The third AC / DC converter 123 converts AC supplied from the AC bus to DC and supplies it to the third DC bus 133, and the third DC bus 133 is connected to a plurality of DC / AC converters 143 to 148 are connected. Each of the plurality of DC / AC converters 143 to 148 converts a DC supplied from the third DC bus 133 into an AC to generate a plurality of draw work motors 153, 154, 155, 158, 159 and a plurality Of the top drives 156 and 157 to the motor connected thereto.

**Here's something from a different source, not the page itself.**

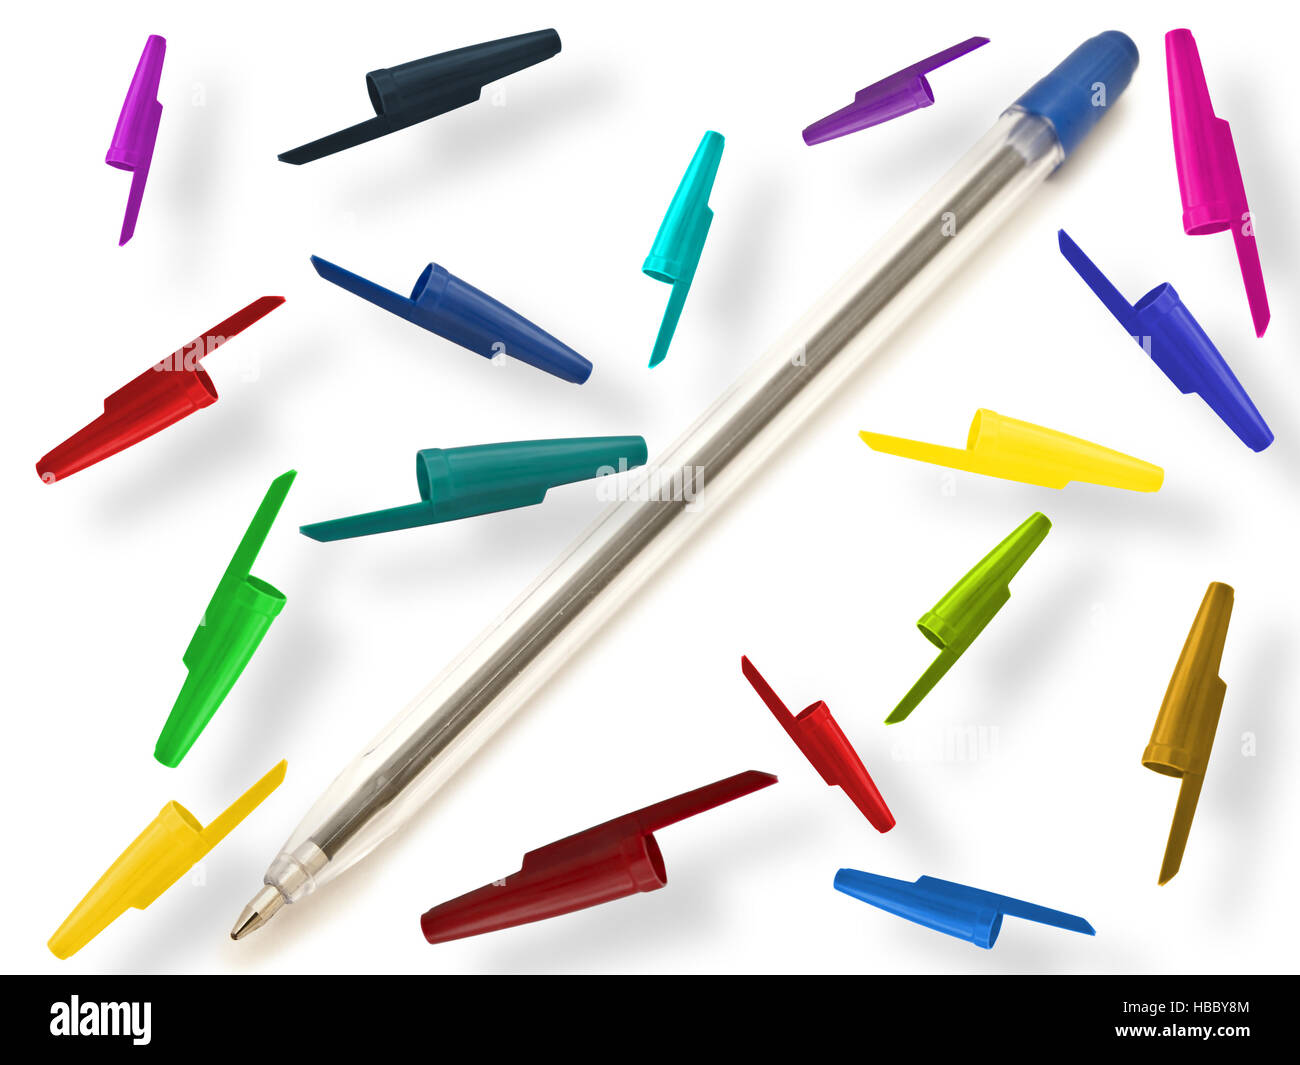 Penna multicolore immagini e fotografie stock ad alta risoluzione - Alamy

Since the motors 153, 154, 155, 158 and 159 of the drawways and the motors 156 and 157 of the top drive have to repeat the operation of raising and lowering drilling equipment such as a drill pipe, The thruster motors 151 and 152 are rotated at a rated speed for dynamic position control and then suddenly stopped rotating or rotating in the opposite direction, There are frequent driving characteristics. However, when braking occurs in the motor, regenerative power is generated. Also, when the thruster is rotated by disturbance, a regenerative electric power is generated in the thruster motor.

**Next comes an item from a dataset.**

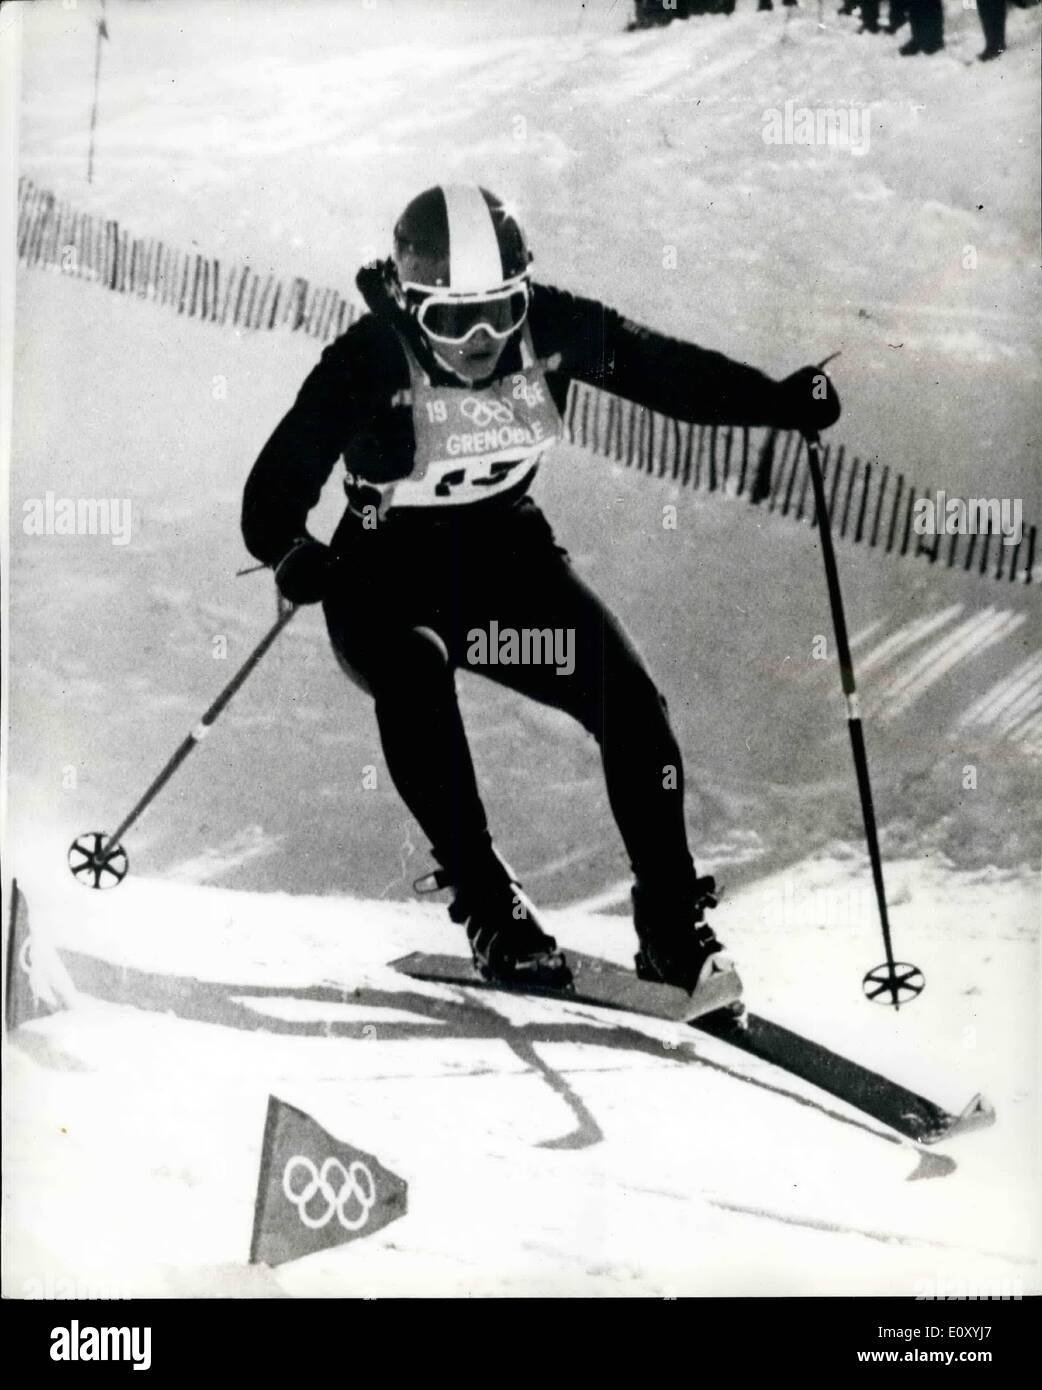 02 février 1968 - Jeux Olympiques d'hiver - Australie remporter l'or et le bronze en descente à ski de la femme : Olga Pall, un 20-year-old fille autrichienne, a remporté une victoire décisive et gagner une médaille d'or chez les femmes de la course de ski alpin à Chamrousse aujourd'hui. Isabelle Mir, de la France a été deuxième et Christihass, champion olympique en titre de l'Autriche a pris la troisième place. La photo montre l'Autrichien Olga Pall en action alors qu'elle gagne la course de descente femmes à Chamrousse aujourd'hui. Banque D'Images

When a regenerative electric power is generated in the drawrows motor, the top drive motor, or the thruster motor, the voltages of the drawrows motor, the top drive motor, or the DC bus to which the thruster motor is connected rise , The DC bus will trip if the voltage rises beyond the limit that the DC bus can accommodate.

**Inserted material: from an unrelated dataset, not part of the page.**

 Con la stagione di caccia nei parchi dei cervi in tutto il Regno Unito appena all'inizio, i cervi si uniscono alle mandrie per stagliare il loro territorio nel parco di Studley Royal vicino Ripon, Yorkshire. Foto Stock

Therefore, according to the related art, resistors 161 to 166 are provided to consume regenerative power as heat to prevent tripping of the DC bus.

2 is a graph showing the power consumed in each component in the power supply system according to the prior art.

In Fig. 2, the electric power generated by the generator is supplied to the first load 220 and the AC / DC converter 260 through the power distribution board. The AC / DC converter 260 converts the alternating current into direct current, supplies the alternating current to the second load 240, and supplies the alternating current to the drawrows 230 through the DC / AC converter. The first load 220 and the second load 240 are loads that consume a certain amount of power. On the other hand, the draw work 230 continuously changes the amount of electric power consumed, and when the electric power is negative in FIG. 2, it indicates that regenerative electric power is generated. The regenerative power generated in the draw work 230 is consumed in the second load 240 or the resistor 250. [

As the power consumption of the draw work 230 rapidly changes, the power output of the generator 210 also changes drastically. However, diesel generators use more fuel when power output is suddenly changed, and more exhaust gas when more fuel is used than when power output is constant.

In order to appropriately supply electric power according to the rapidly varying power consumption of the drawrows motor, the top drive motor, and the thruster motor, the generator must be able to quickly change the output power. However, the generator has a slow reaction speed, and accordingly, there is a problem in that power can not be supplied appropriately in accordance with rapidly changing power consumption of the drawrows motor, the top drive motor, and the thruster motor. There is a problem that if the electric power is not appropriately supplied to the drawrows motor, the top drive motor, and the thruster motor, a dangerous situation may be caused due to the nature of the drilling operation. In the case where a power failure occurs, even when the power supply to the motor of the draw work or the motor of the top drive is suddenly cut off, a dangerous situation may occur.

That is, according to the related art, there is a problem that energy is wasted by consuming regenerative power in resistance, fuel consumption and exhaust gas increase due to rapid change of power output of the generator, a motor of a draw work, There is a problem that power can not be properly supplied to the motor, and there is a possibility that a dangerous situation may occur at the time of sudden power failure.

Prior Art: Japanese Publication No. 2006-117179 (Published May 5, 2006)

It is an object of the present invention to provide an offshore plant capable of efficiently using regenerative power, maintaining a constant power output of a generator, supplying power appropriately to a load with a rapidly changing power consumption, And to provide a hybrid power supply apparatus and method.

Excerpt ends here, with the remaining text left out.